**WORK TO BE COMPLETED**
No pictures belong in the copy, but every line of the material below must be reproduced exactly.

**SOURCE MATERIAL**
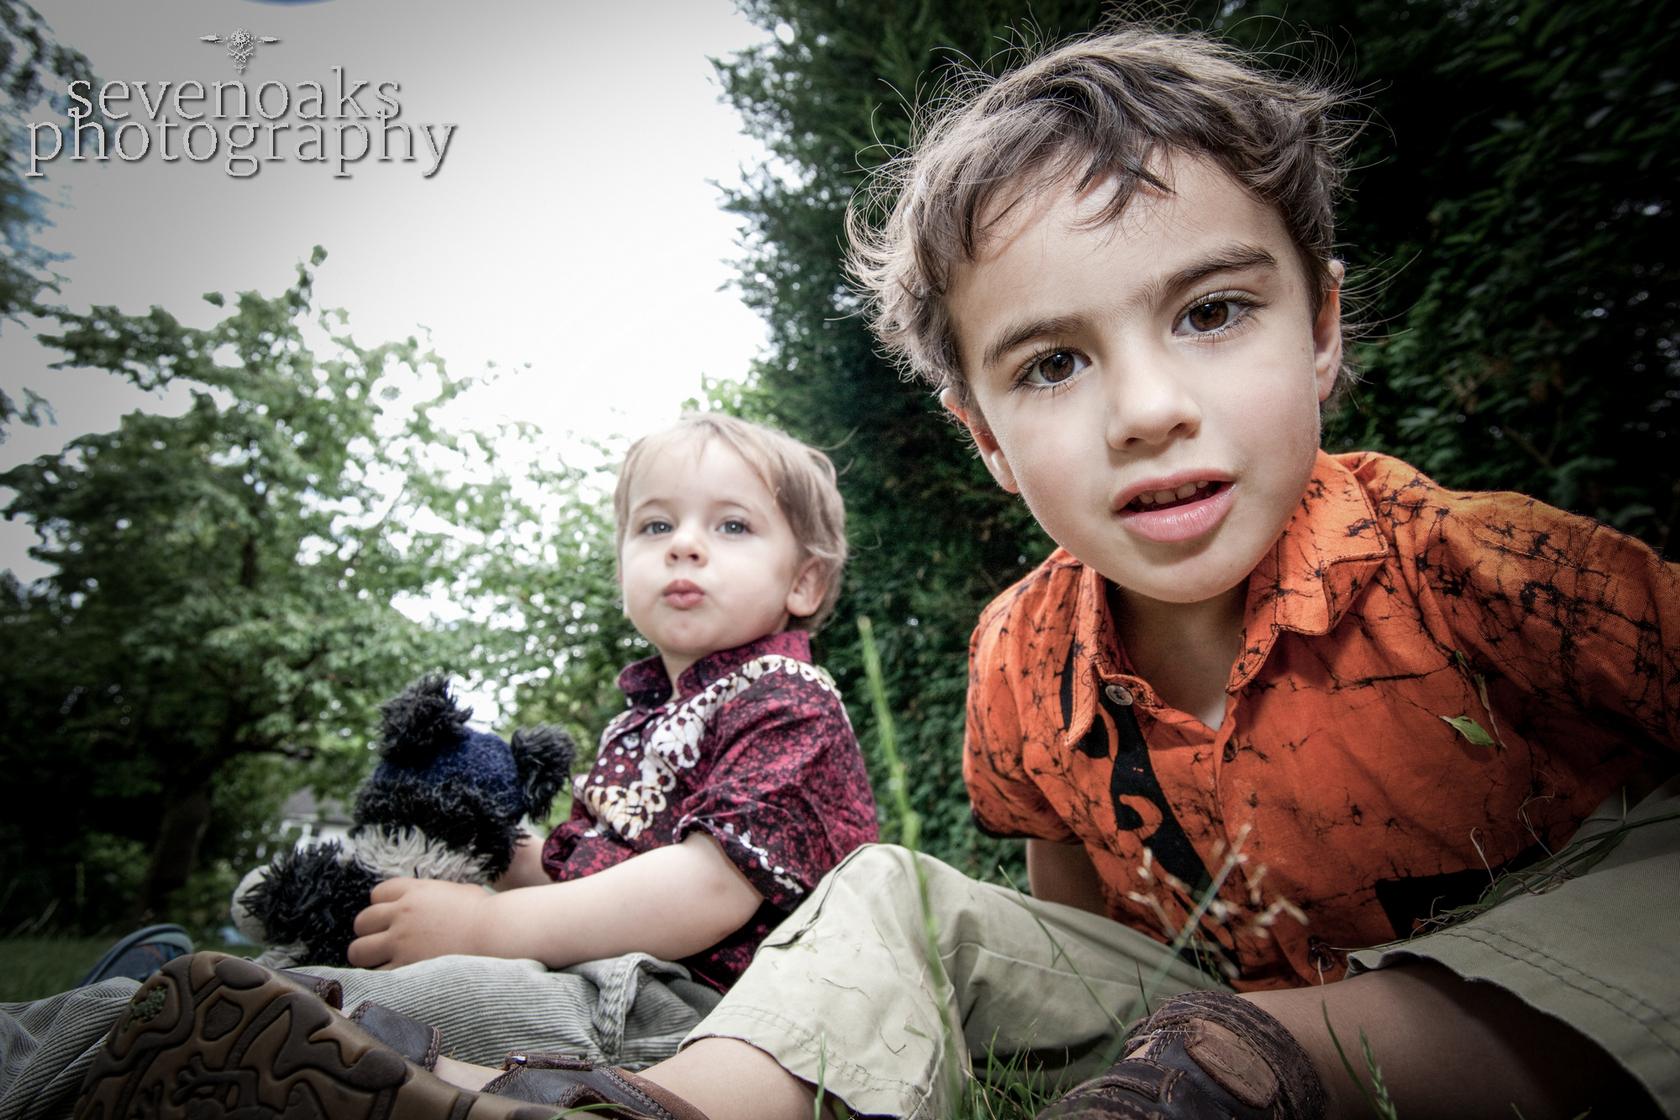 sevenoaks portrait photographer-6.jpg
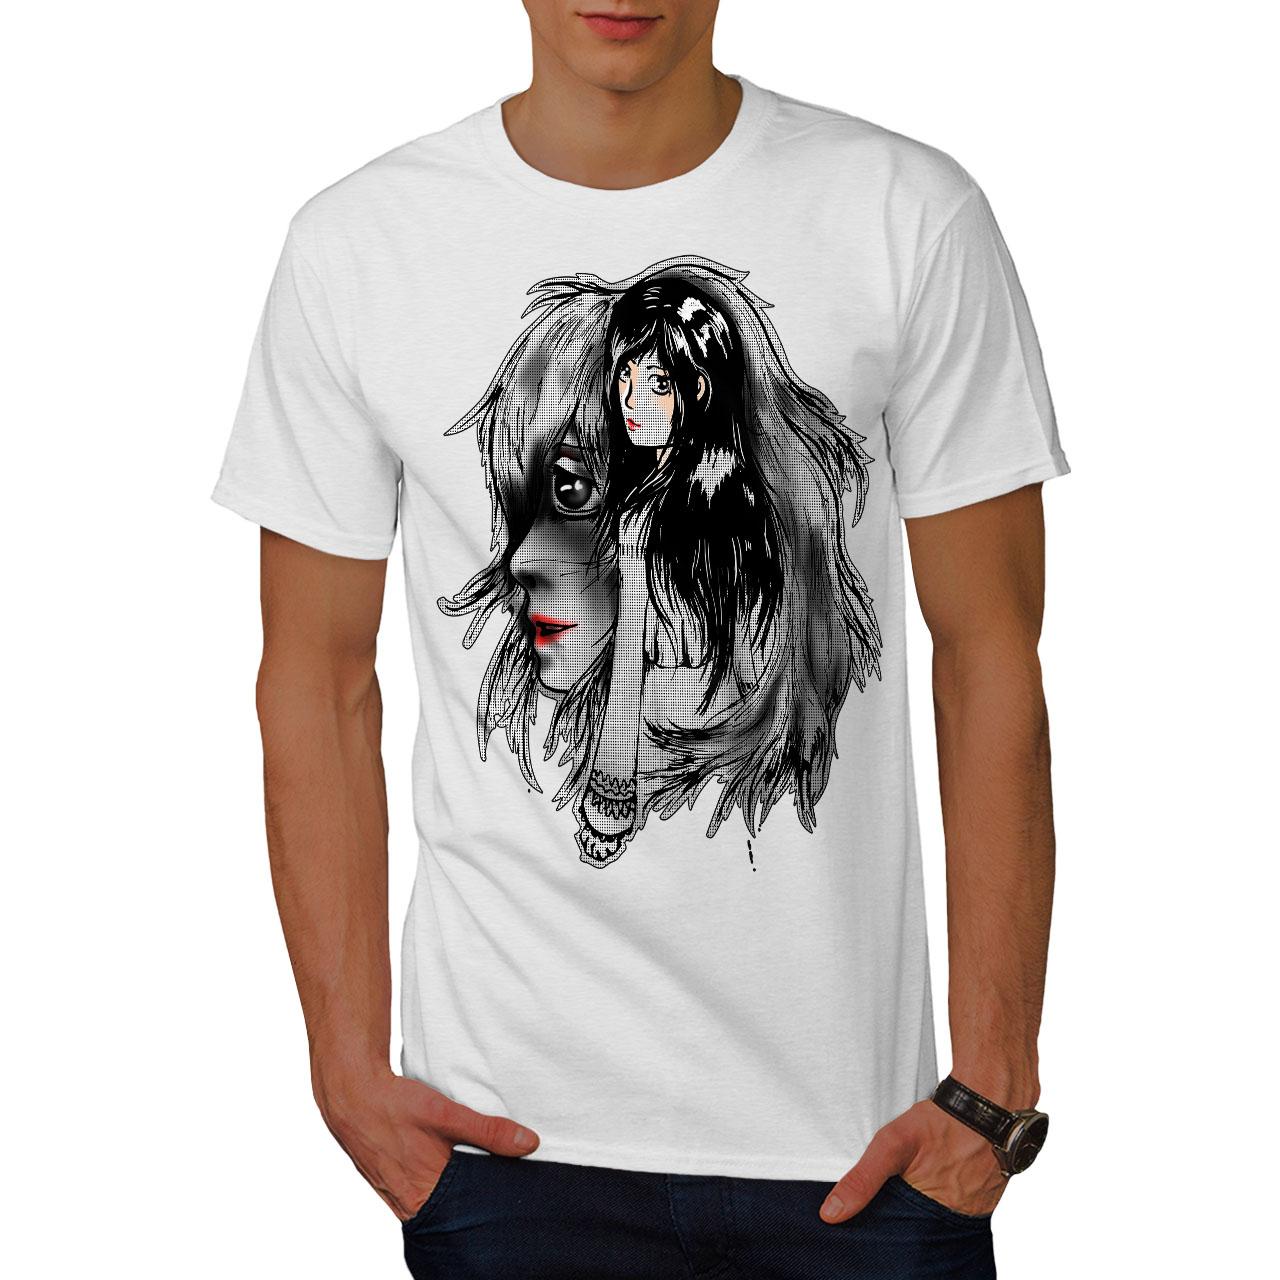 Wellcoda-bellissime-ANIME-Da-Uomo-T-shirt-misterioso-design-grafico-stampato-T-shirt miniatura 9
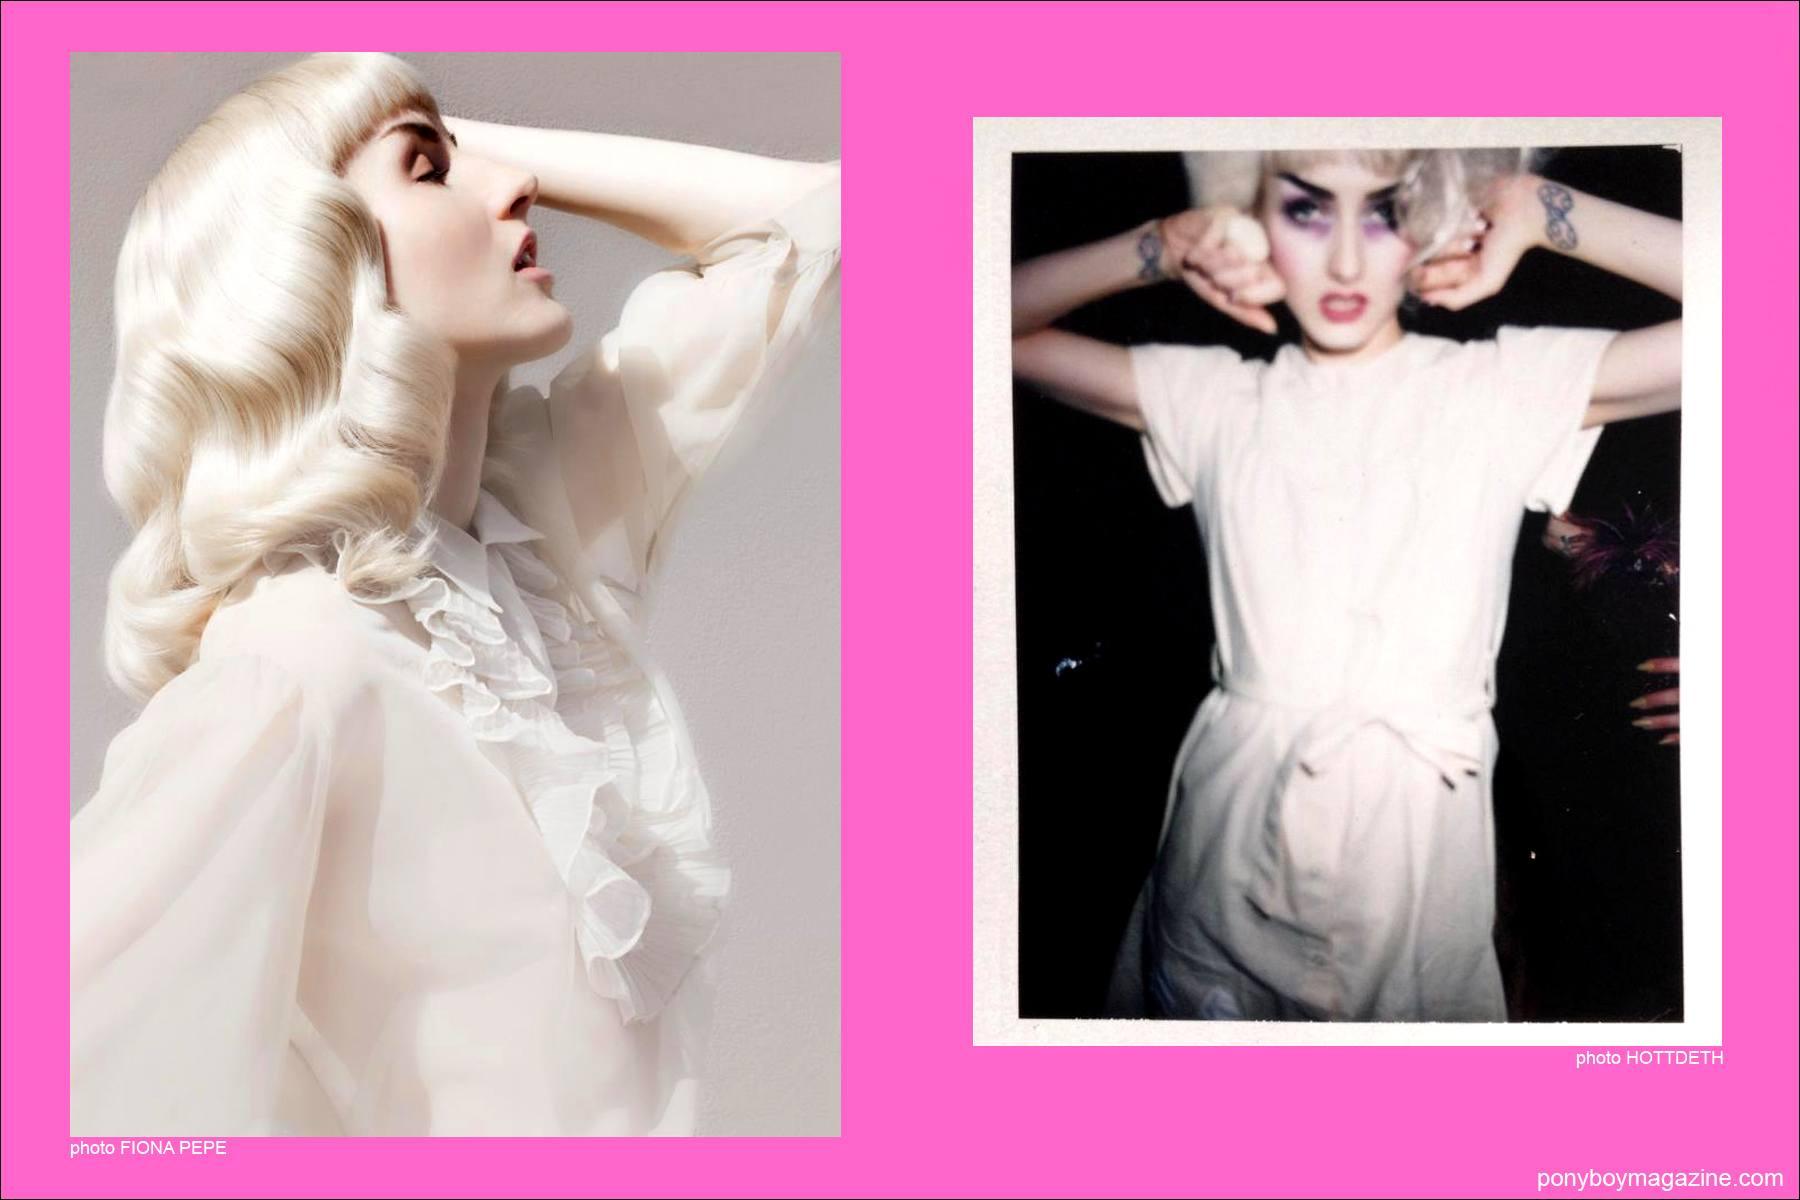 More modeling photos of edgy New York City model Stella Rose Saint Clair for Ponyboy Magazine.

**EXPECTED ANSWER**
 sevenoaks portrait photographer-6.jpg
 Wellcoda-bellissime-ANIME-Da-Uomo-T-shirt-misterioso-design-grafico-stampato-T-shirt miniatura 9
 More modeling photos of edgy New York City model Stella Rose Saint Clair for Ponyboy Magazine.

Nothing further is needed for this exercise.